The key point there is that "refugee" isn't a Get-Out-Of-Jail-Free card in the first place (context can still have some bearing, it's just not an automatic excuse).

Αναρτήθηκε αρχικά από Richard Stroker:
Honestly, it's legitimately frightening to me to see people pretending this is a complex moral quandary.
I don't think it's all that complicated in moral terms, though it does raise some questions about how trauma can severely warp someone's judgement of their actions.

Potentially also some questions of deference to authority, when such people are in a position where others are making the decisions about what needs to be done.
Αναρτήθηκε αρχικά από fauxpas:
I killed the town and saved the girl, because honestly, the GOAT test is a fraud and they didn't care that they were killing humans.

The GOAT test is just silly. But to call it as a "fraud"? Please allow me to not agree with you on this matter.
Αναρτήθηκε αρχικά από xybolt:
Αναρτήθηκε αρχικά από fauxpas:
I killed the town and saved the girl, because honestly, the GOAT test is a fraud and they didn't care that they were killing humans.

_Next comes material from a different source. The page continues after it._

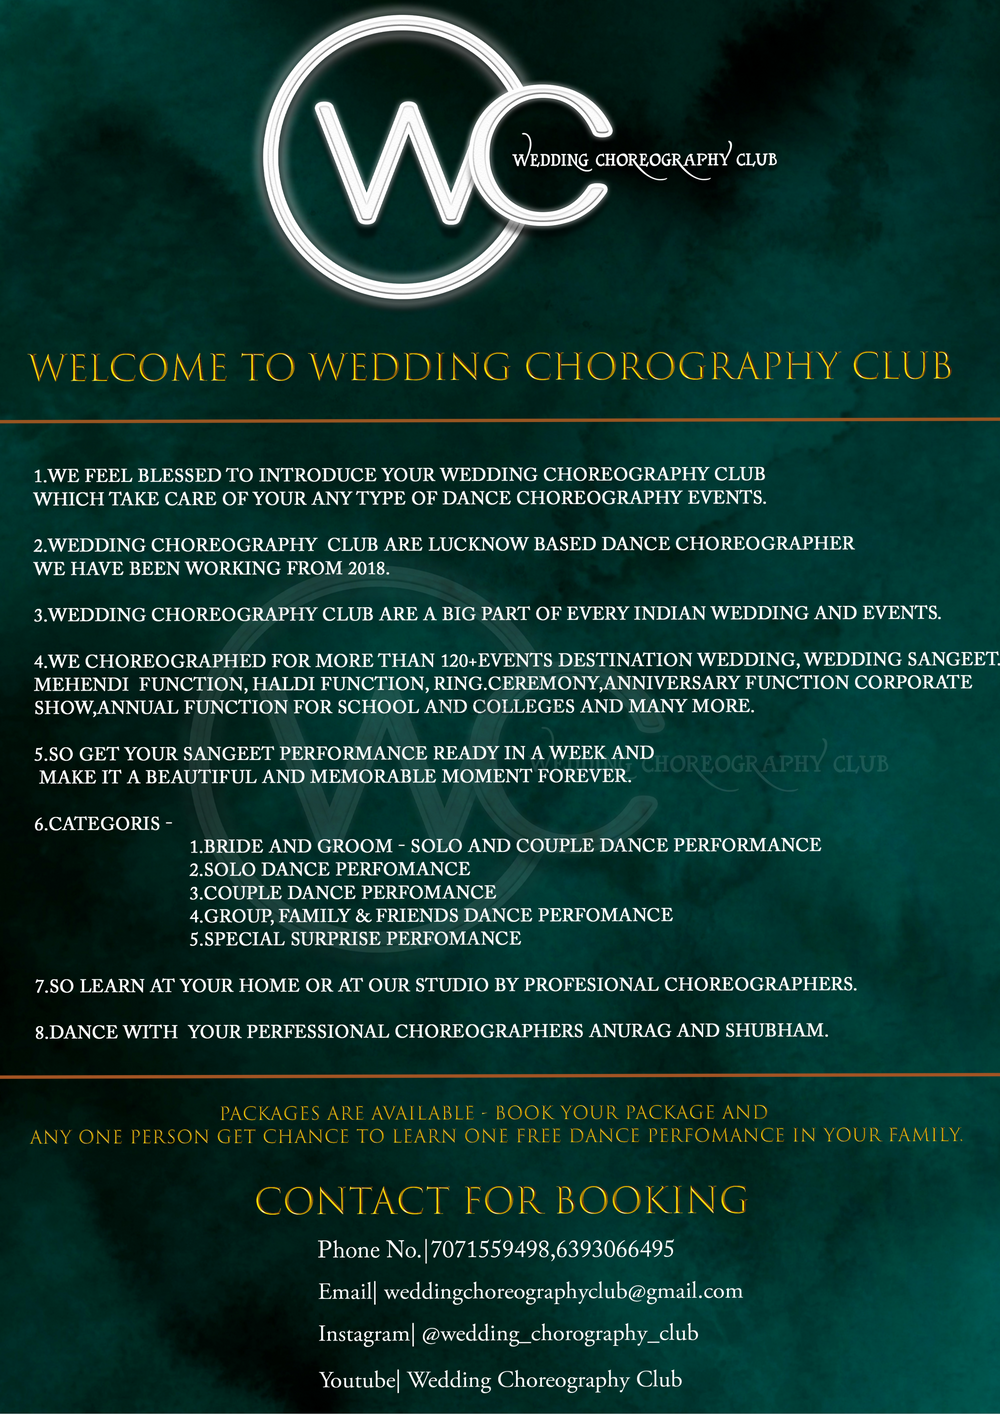 Photo From wedding choreography club details - By Wedding Choreography Club

The GOAT test is just silly. But to call it as a "fraud"? Please allow me to not agree with you on this matter.

It is actually fraudulent in this context. "a person or thing intended to deceive others, typically by unjustifiably claiming or being credited with accomplishments or qualities." It's intended to deceive outsiders and possibly themselves into believing their random murders are somehow justified and that their settlement is safe. It does this by being credited with an ability to discern synth (and "bad guy") from human that it doesn't have.